• What you should do
Beginning with the line that has "Thomas Berdych celebrates" and ending with the line that has "circa 1900. (Courtesy", retype the entries below exactly, except for the pictures.

• Records shown
---+---

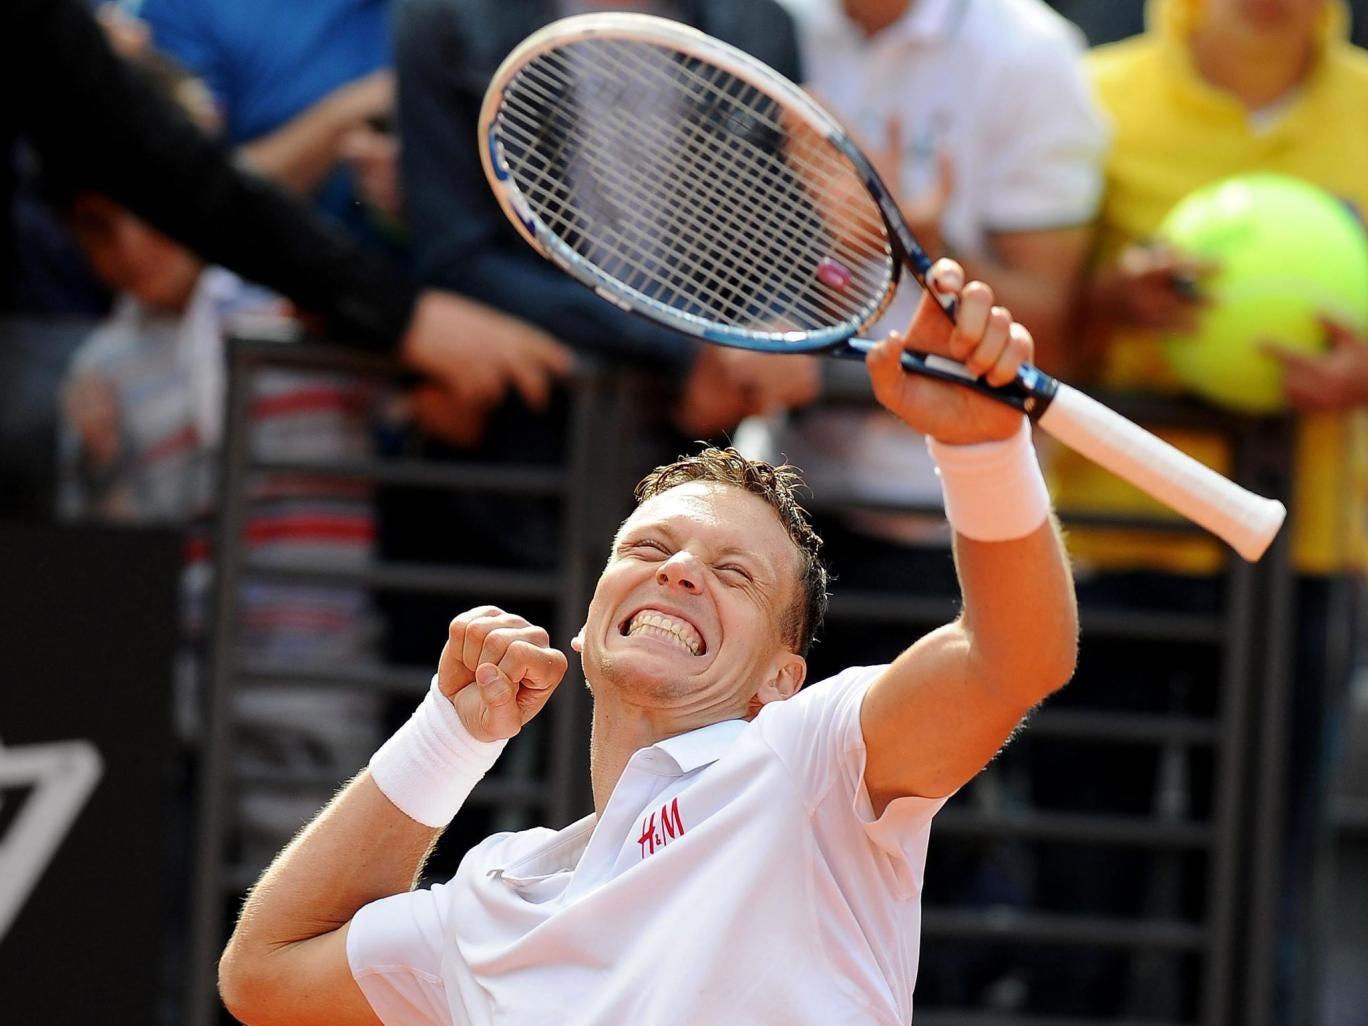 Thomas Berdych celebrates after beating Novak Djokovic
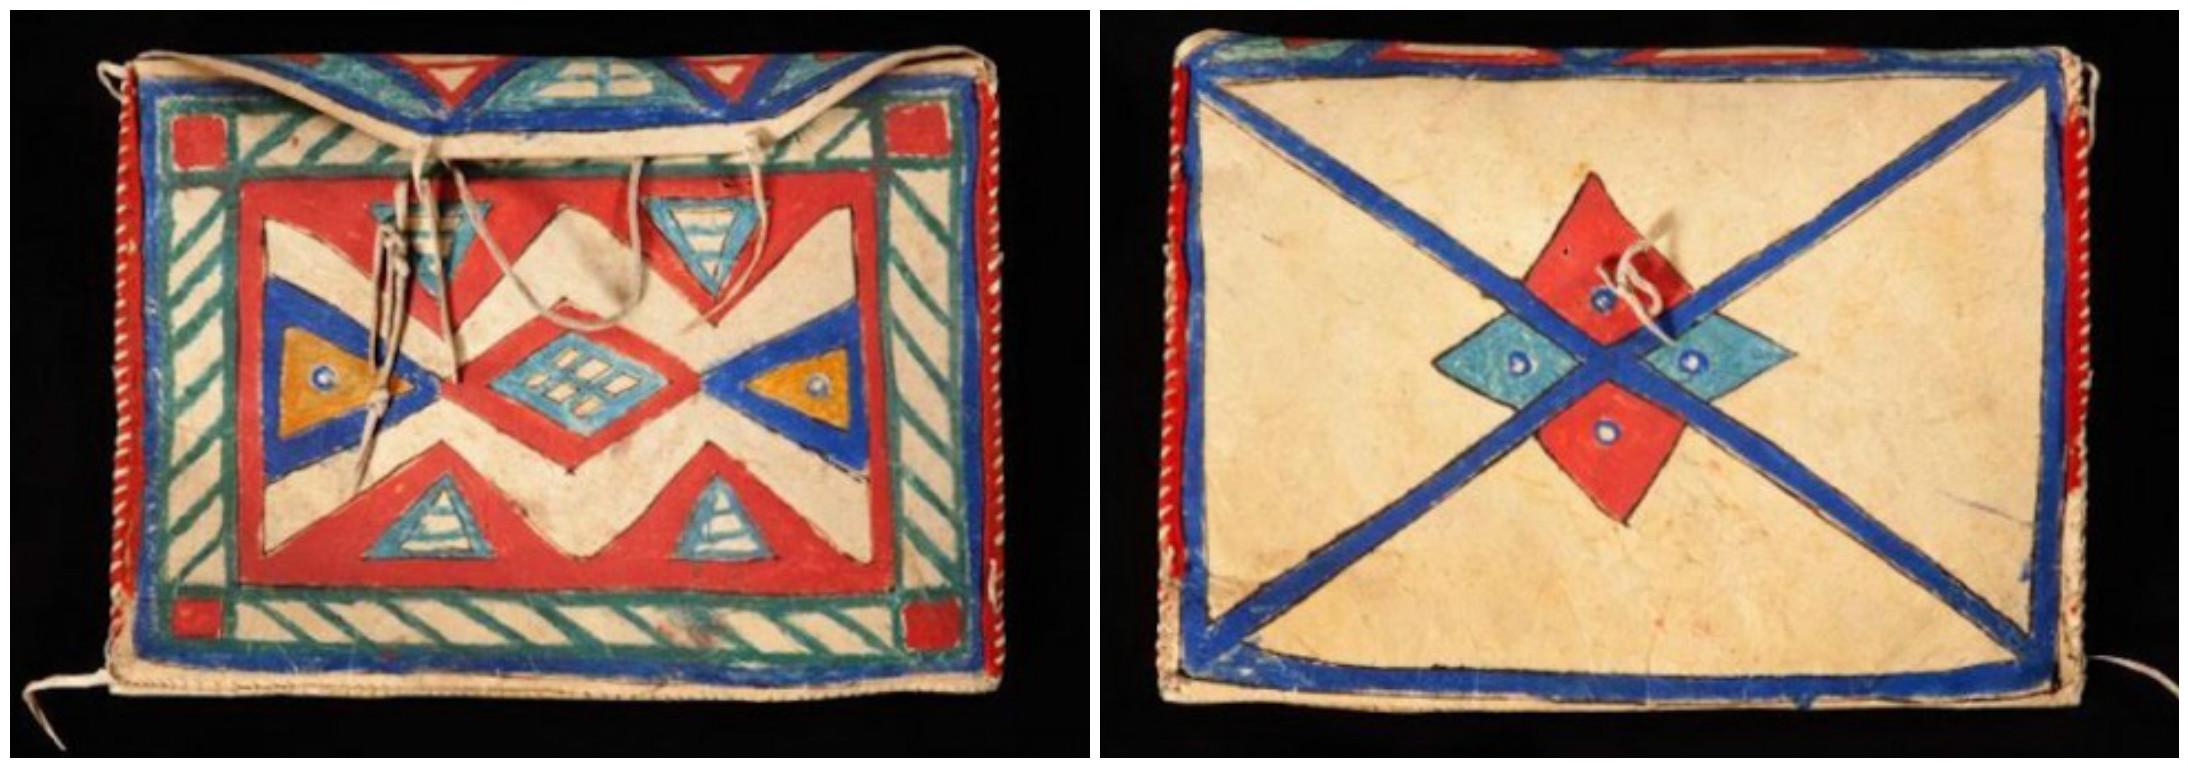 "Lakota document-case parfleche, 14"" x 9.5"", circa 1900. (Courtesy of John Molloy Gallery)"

---+---

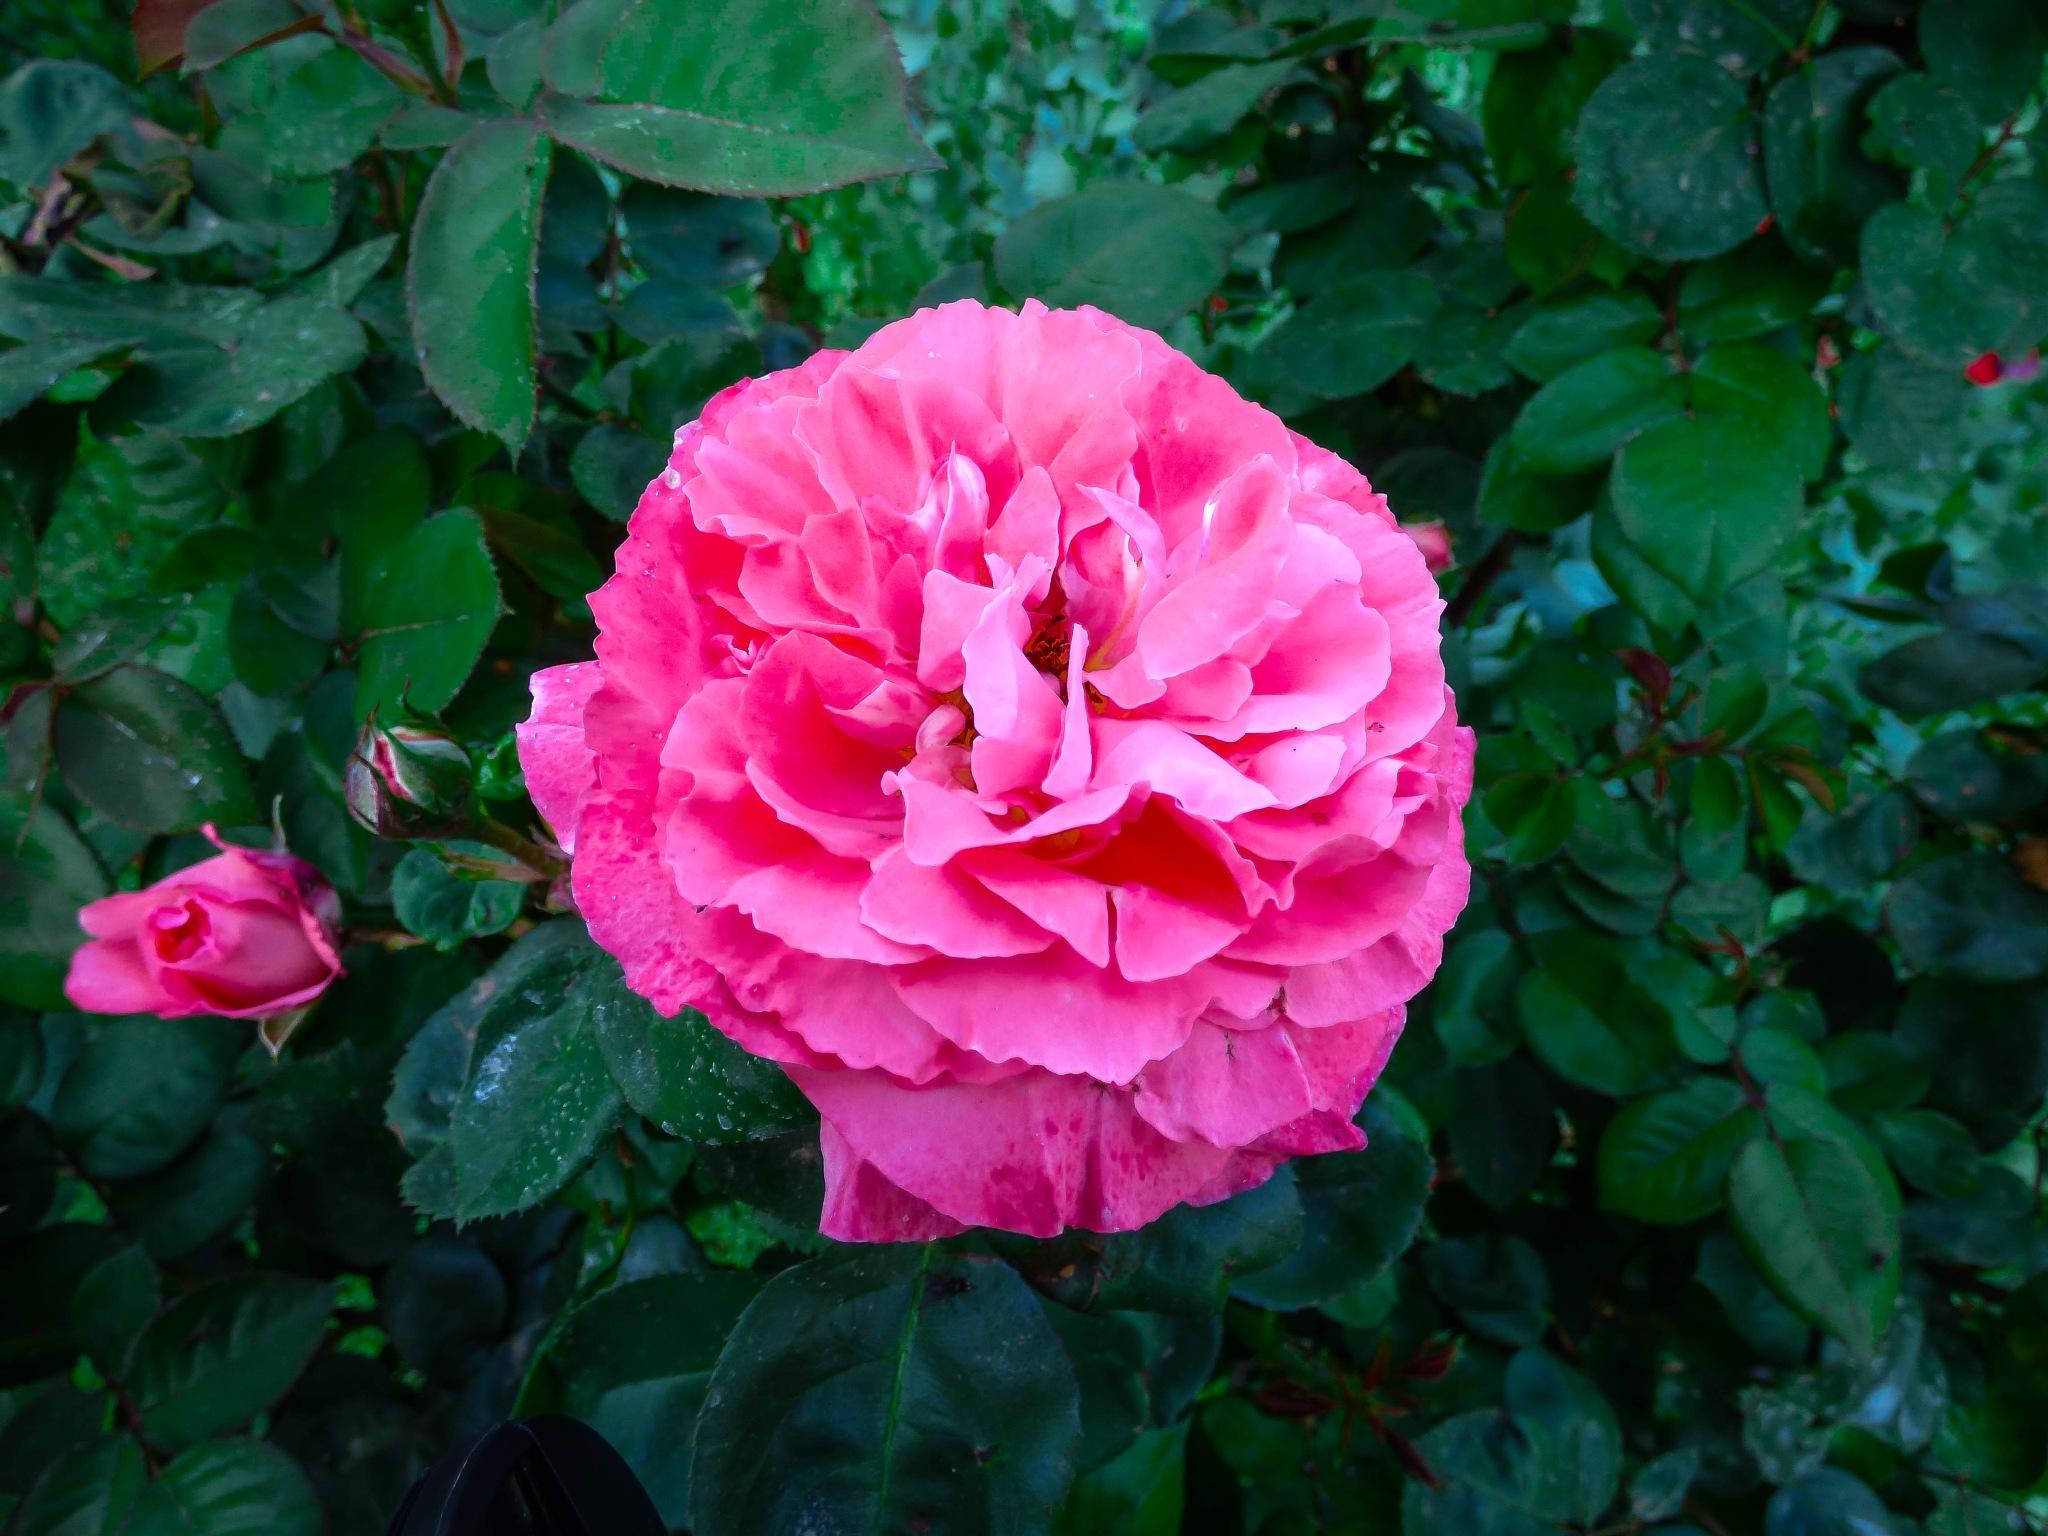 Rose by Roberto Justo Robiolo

---+---

• Task answer
 Thomas Berdych celebrates after beating Novak Djokovic
 "Lakota document-case parfleche, 14"" x 9.5"", circa 1900. (Courtesy of John Molloy Gallery)"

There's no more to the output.